Show HN: I spent 40 hours vibe coding after 40 years of traditional programming

1 maxbene 0 8/7/2025, 2:03:17 PM marcobenedetti.substack.com ↗
After 40 years of coding (starting with 8-bit assembly in the 80s), I decided to test the "vibe coding" paradigm everyone's talking about. I spent 2 weeks developing a Python project entirely through conversation with AI assistants - no direct code writing, just English instructions to Claude, GPT-4, and Gemini.

Yes, the 10x productivity claims have some truth - but with serious caveats. The AI assistants made both brilliant architectural decisions and bizarre errors. They proved theorems for me in 30 seconds that would've taken me hours, yet also confused left with right in a simple data structure.
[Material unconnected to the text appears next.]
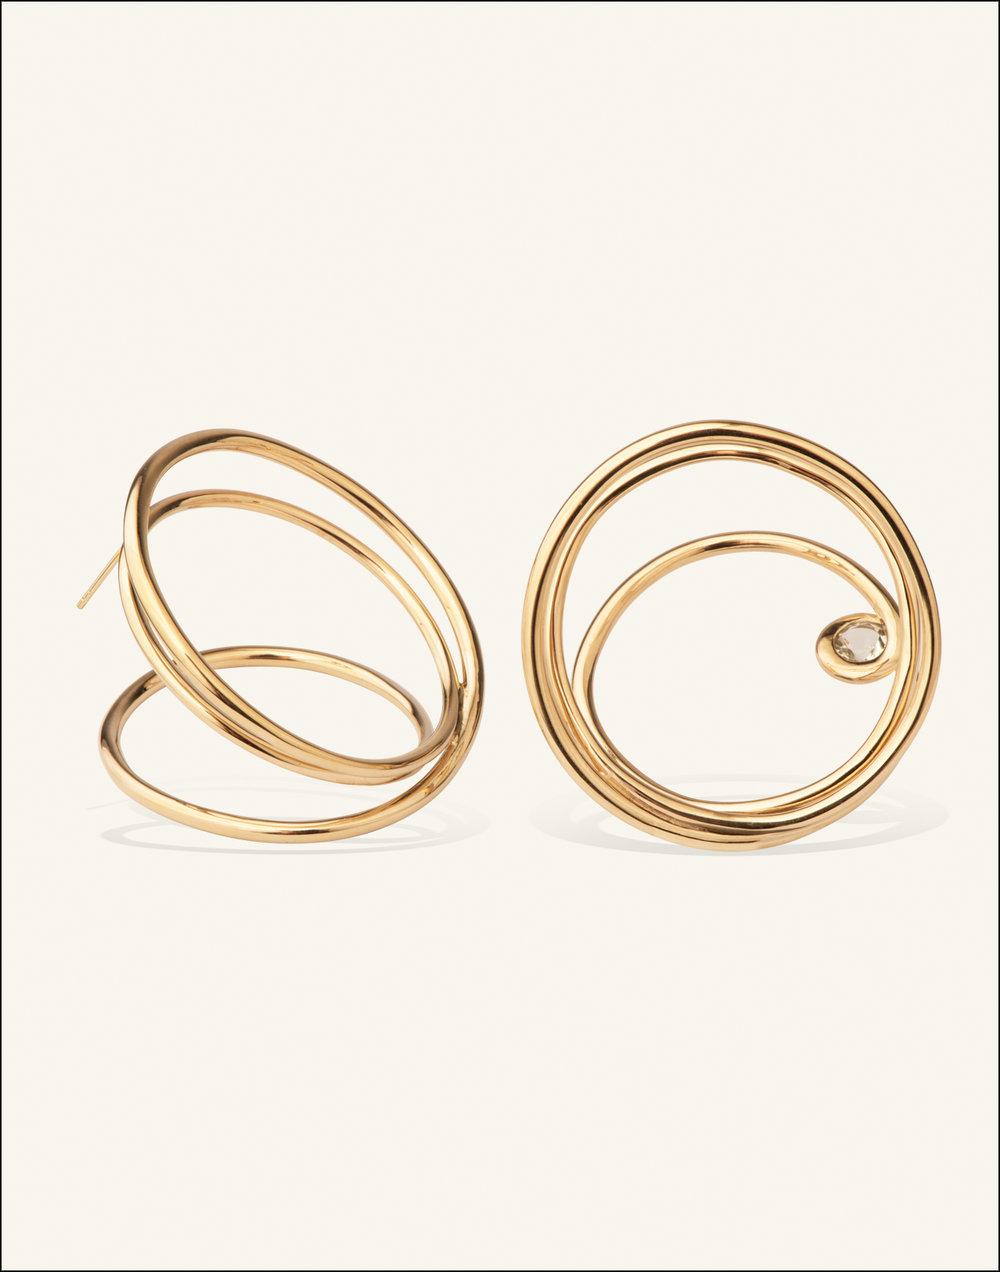 Completedworks-Earrings-Gold-Vermeil-The-Idea-of-Order-1-1.jpg

Still: this isn't the death of programming, nor the advent of English-as-a-6th-generation-programming-language, but IMO a shift in how we handle uncertainty and ambiguity in software development. Instead of a rigid human-to-machine dialogue, it's now a probabilistic collaboration where the fuzziness moves from your head into the conversation itself.

I documented everything - all 300+ exchanges, the errors, the wins, and what this means for developers with different experience levels. Including from a psychological and emotional point of view.

So if you're curious about what "English as a programming language" actually looks like in practice, here is my full article (10k words):

https://marcobenedetti.substack.com/p/vibe-coding-as-a-codin...

Code repository: https://github.com/mabene/vibe

Happy to answer questions about the experience. For context, I hold a (pre-LLM) PhD in AI and currently work as a research advisor for the AI team of a large organization, so I've been watching this evolution from both practical and theoretical angles.